This morning, I read the post below on my LinkedIn feed.
Several StrawPeople, including me, are very active in the healthcare space. This kind of industry context means that I will always consider M&A benchmark multiples as one lens to consider when valuing healthcare (or rather pharma, biotech and medical device companies) holdings.
This is very relevant to a number of holdings by Members here, including $BOT, $PNV, $TLX, $NEU, $CUV and others too. Importantly, the scale and mutliples on these firms are modest in the context of industry M&A.
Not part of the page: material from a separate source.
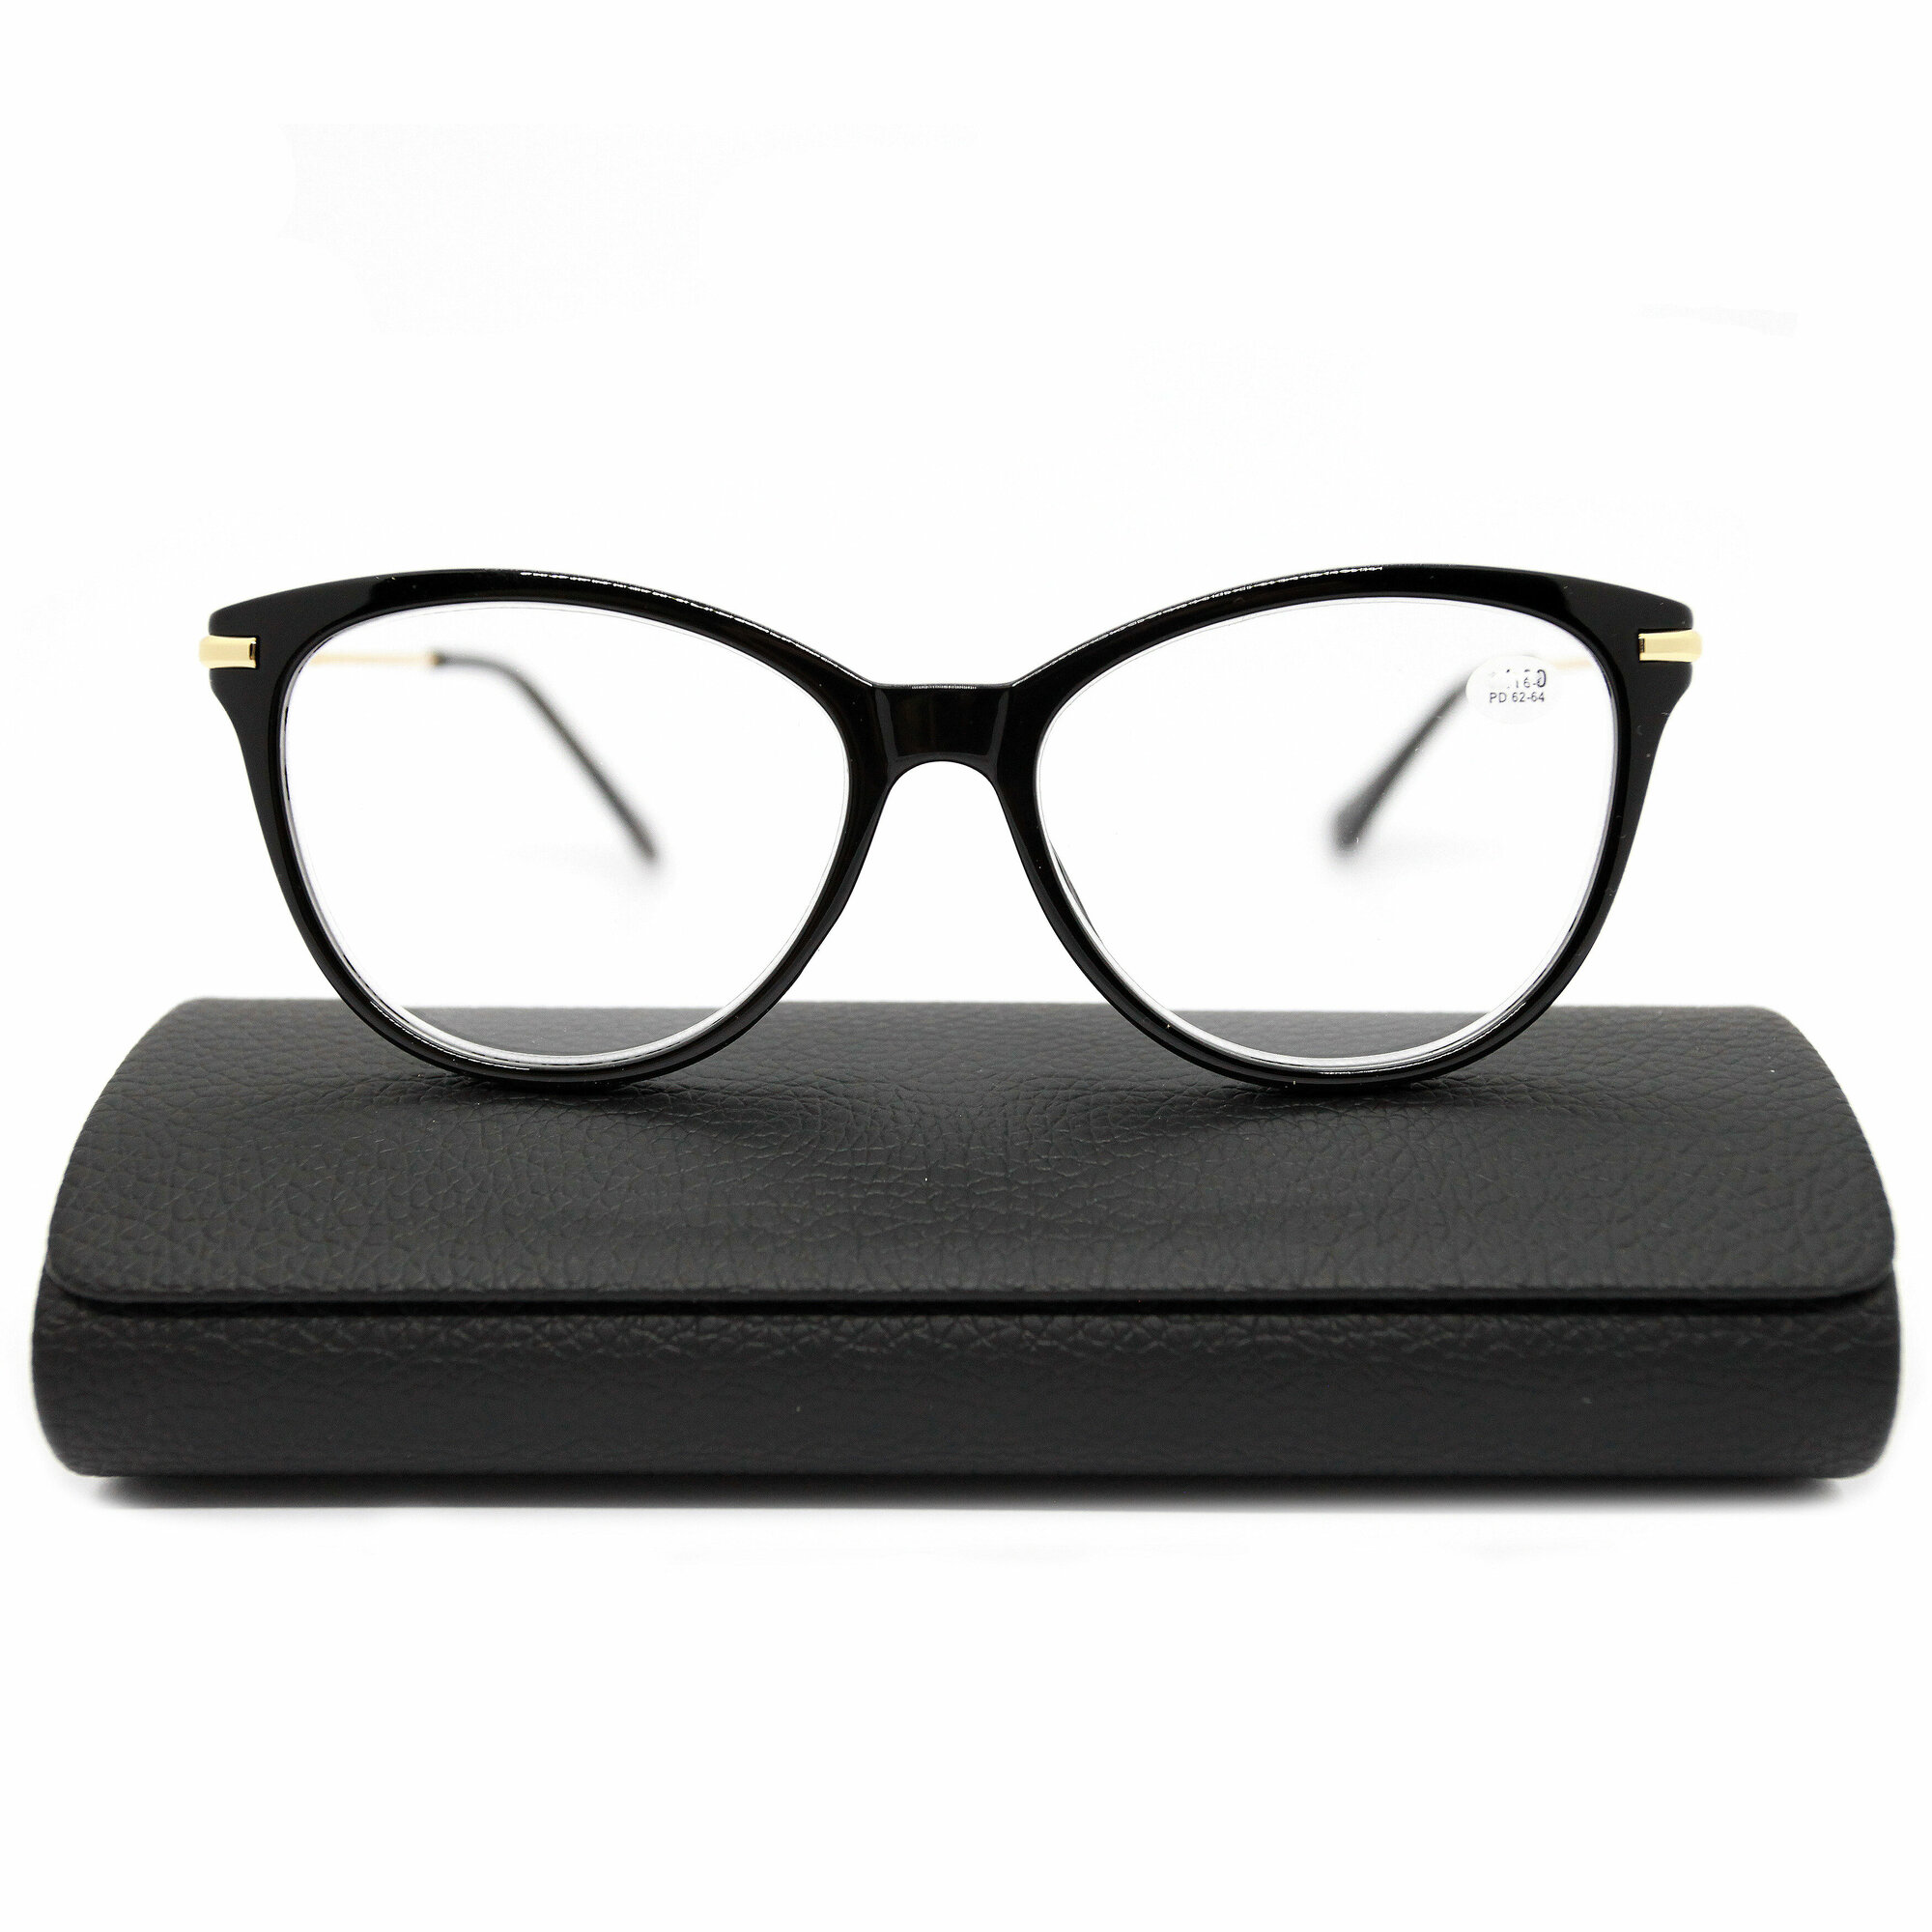 Модные женские готовые очки с металлической дужкой (-1.50) FABIA MONTI 0202, цвет черный, линза пластик, с футляром, РЦ 62-64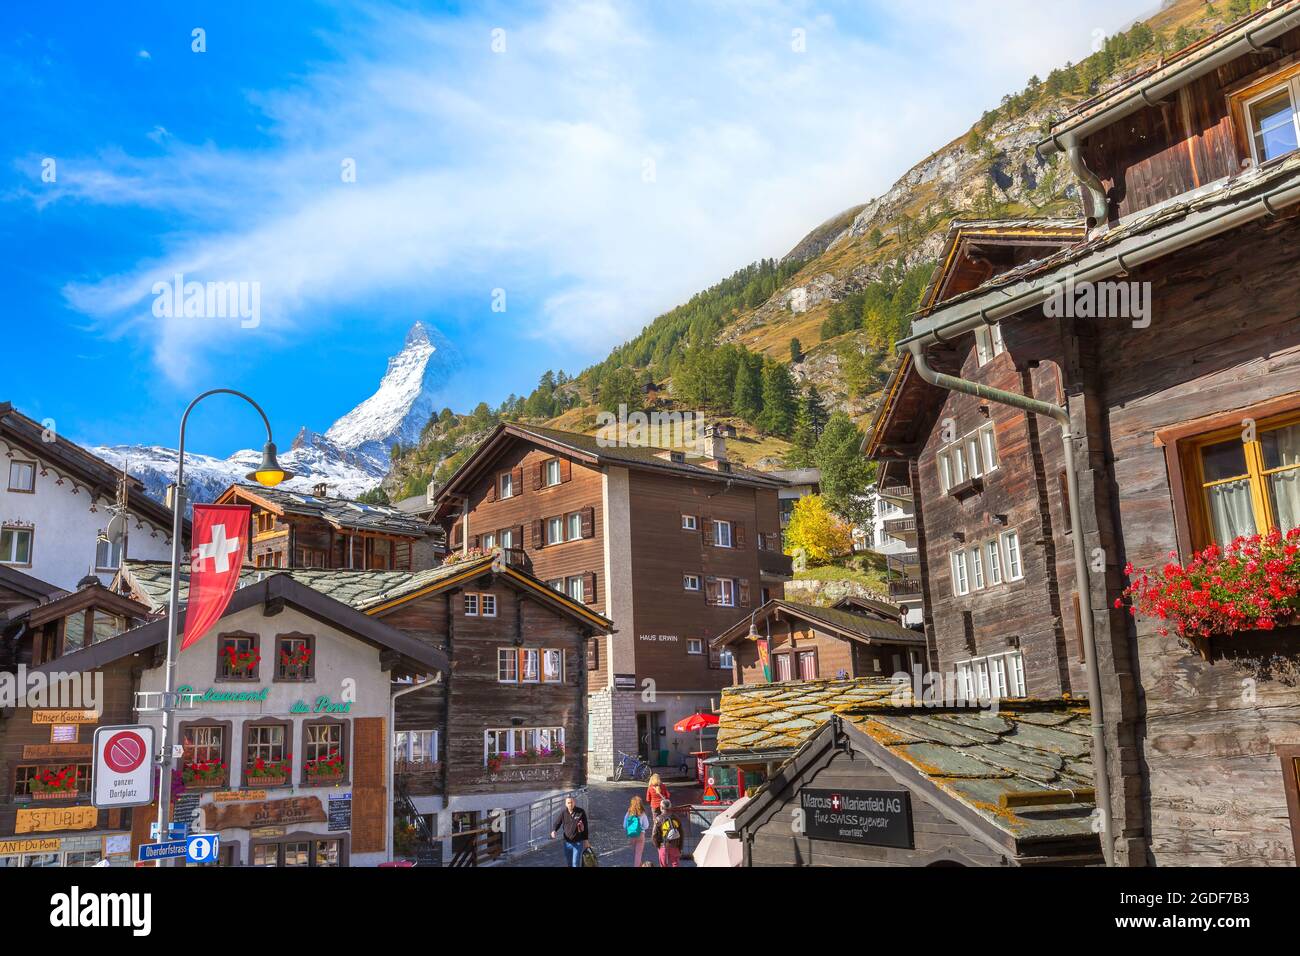 Zermatt, Svizzera - 7 ottobre 2019: Vista sulla strada della città in autunno nella famosa stazione sciistica svizzera, Monte neve Cervino, case tradizionali Foto Stock

While I don't hold stocks solely because I think they might be bought out, in my next round of valuations, in addition to DCFs (my default preference), and multiples and ratios on near term earnings, PBIT, EBITDA, FCF, and - yes - even peak sales, I will also consider these ratios in the context of M&A deal multiples.
One question implied by the post is, does big pharma increase the return of capital to shareholders via buyback and dividends, or will we see a step-up in M&A? History points to the latter, as the innovation engines are often more productive ($ for $) in those smaller and medium scale "survivors" that get their products into late stage clinical development or even to market. Companies with platforms or significant portfolios are especially attractive.
It's now almost 30 years since I was an industry insider. But even then, the role of M&A in augmenting organic R&D was a vital part of the industry. The treadmill of growth and the dynamics of innovation means that it is not unreasonable to assume this will continue - just at even greater scale.